Андраш Енеи начал службу в Будапеште, но, так как жена любила блистать в провинциальном свете, вскоре перевелся в Сегед. Однако периферия быстро наскучила молодой чете, и, повинуясь желаниям супруги, Андраш вновь перебрался в Будапешт.

Как только Венгрия установила дипломатические отношения с Советским Союзом, майор Енеи получил назначение в венгерскую миссию в Москве. Но ни он, ни его жена хорошо себя здесь не чувствовали. Во время отпуска Енеи даже совсем было собрался начать хлопоты об отзыве на родину, но тесть отговорил.
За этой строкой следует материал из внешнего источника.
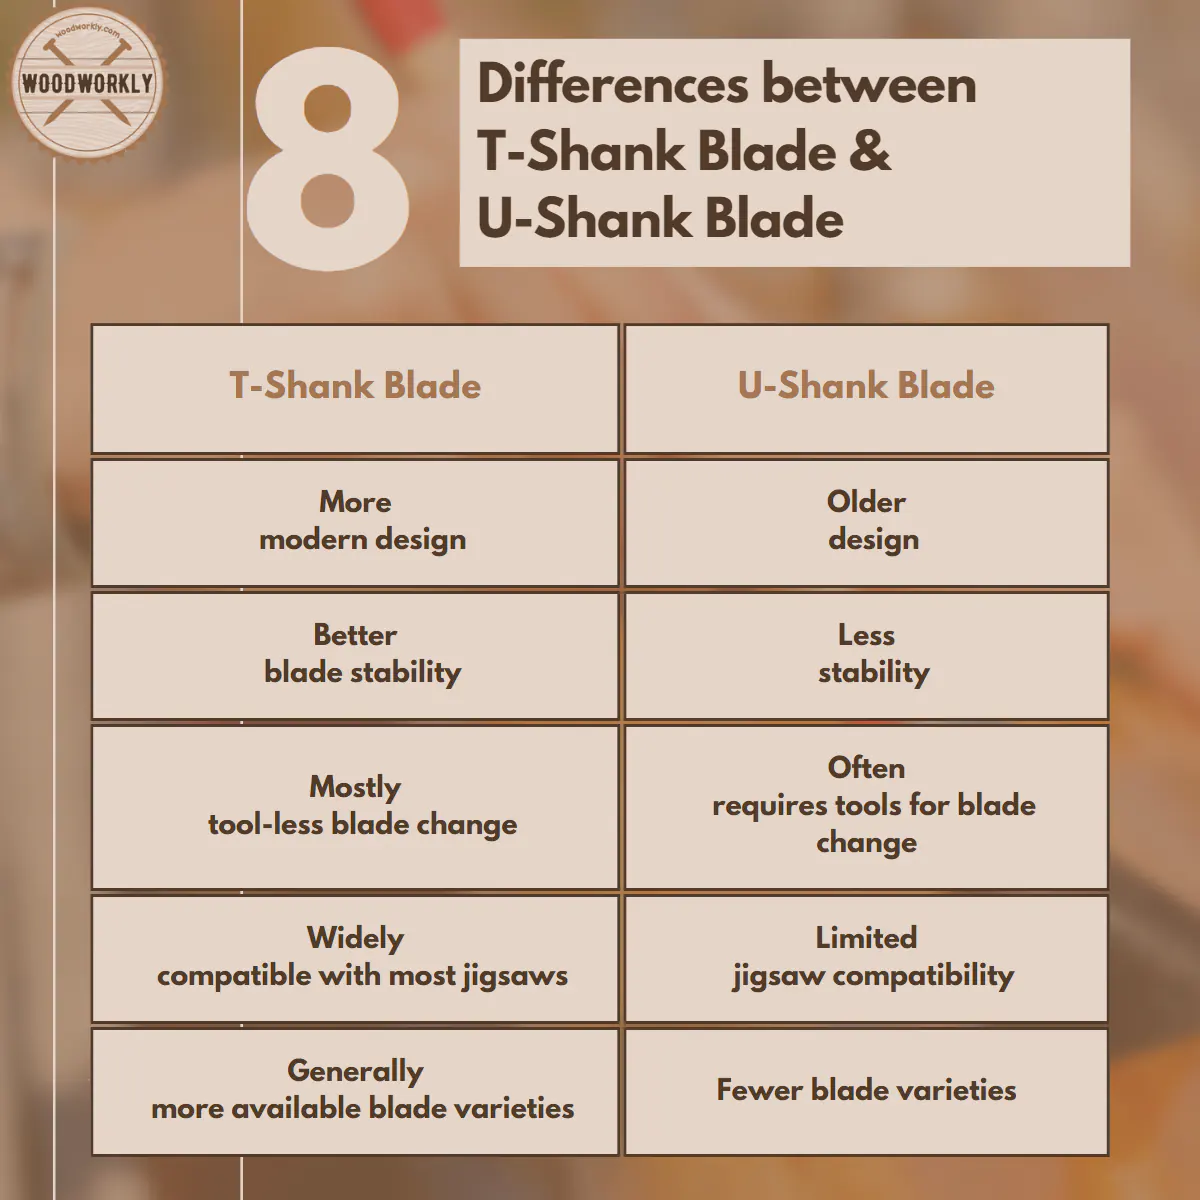 Differences between T-Shank Blade and U-Shank Blade

– Радуйся, что ты не дома, – сказал он. – Если бы не дела, то бишь земля, я и сам с удовольствием поселился бы за границей.
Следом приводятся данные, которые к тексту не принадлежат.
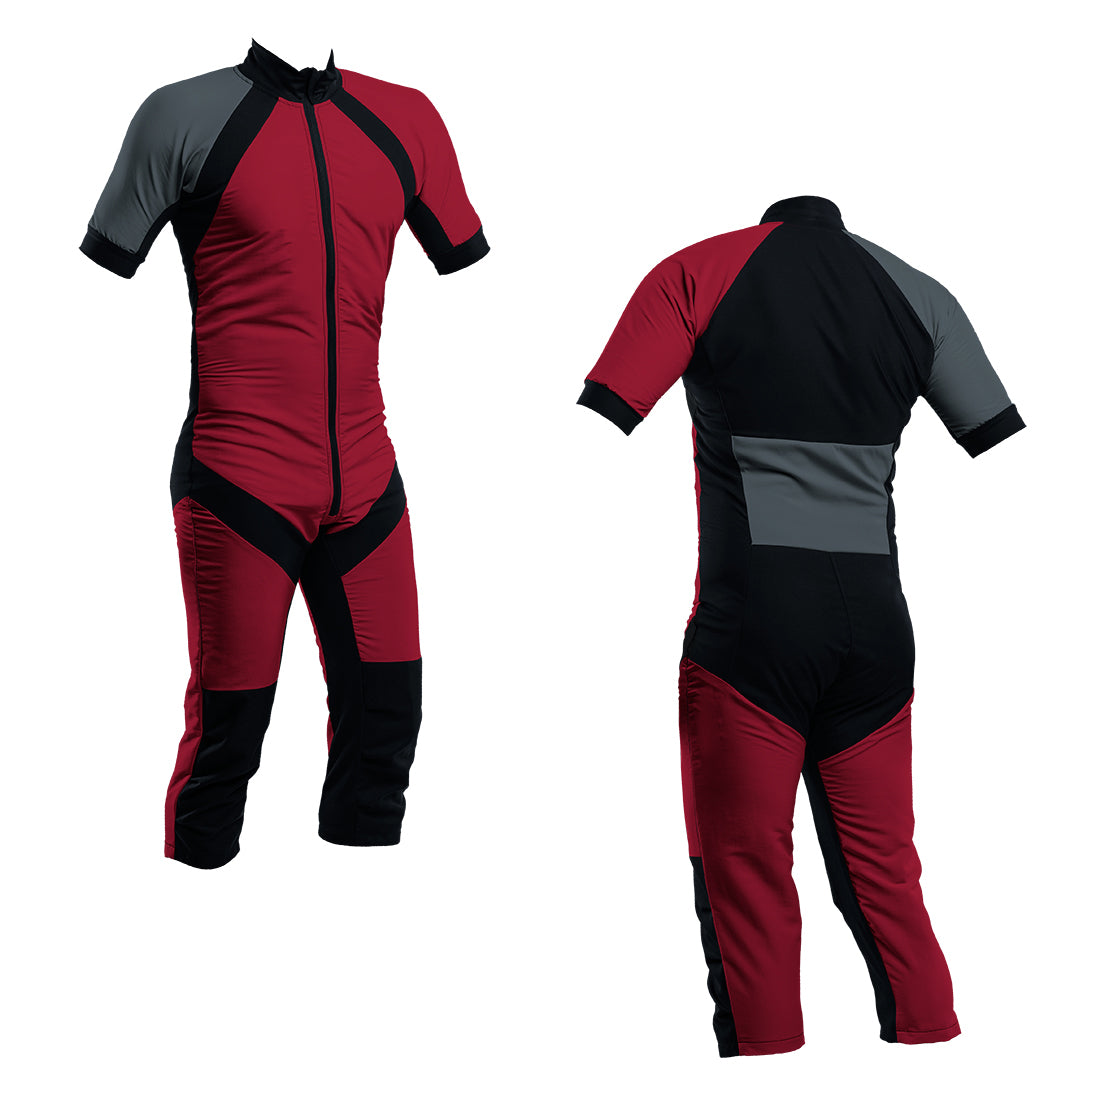 Skydiving Summer Suit Paprika-Charcoal S2-03

Таким образом, в Венгрию Енеи попал только летом 1941 года, когда разразилась германо-советская война.

К тому времени старый барон Гелб переписал на него свое задунайское имение и даже передал ему права совладельца экспортной фирмы, после чего уехал в Швейцарию. А зять его, теперь уже полковник, был направлен на фронт. Поручив заботу о жене своему старшему брату Тибору Енеи, депутату от партии нилашистов, полковник укатил на Украину, где первое время командовал карательным полком, охотившимся за партизанами. Затем его сделали начальником штаба пехотной дивизии.

В июне 1942 года Енеи было присвоено звание генерал-майора, а через несколько недель он был назначен командующим артиллерией в армейском корпусе генерал-лейтенанта Шторма. За сутки до воронежского прорыва Енеи сказался больным, но отложил отъезд с передовой на пару дней ввиду большого количества багажных мест. Вот как получилось, что в ночь прорыва он находился не далее тридцати восьми километров от переднего края.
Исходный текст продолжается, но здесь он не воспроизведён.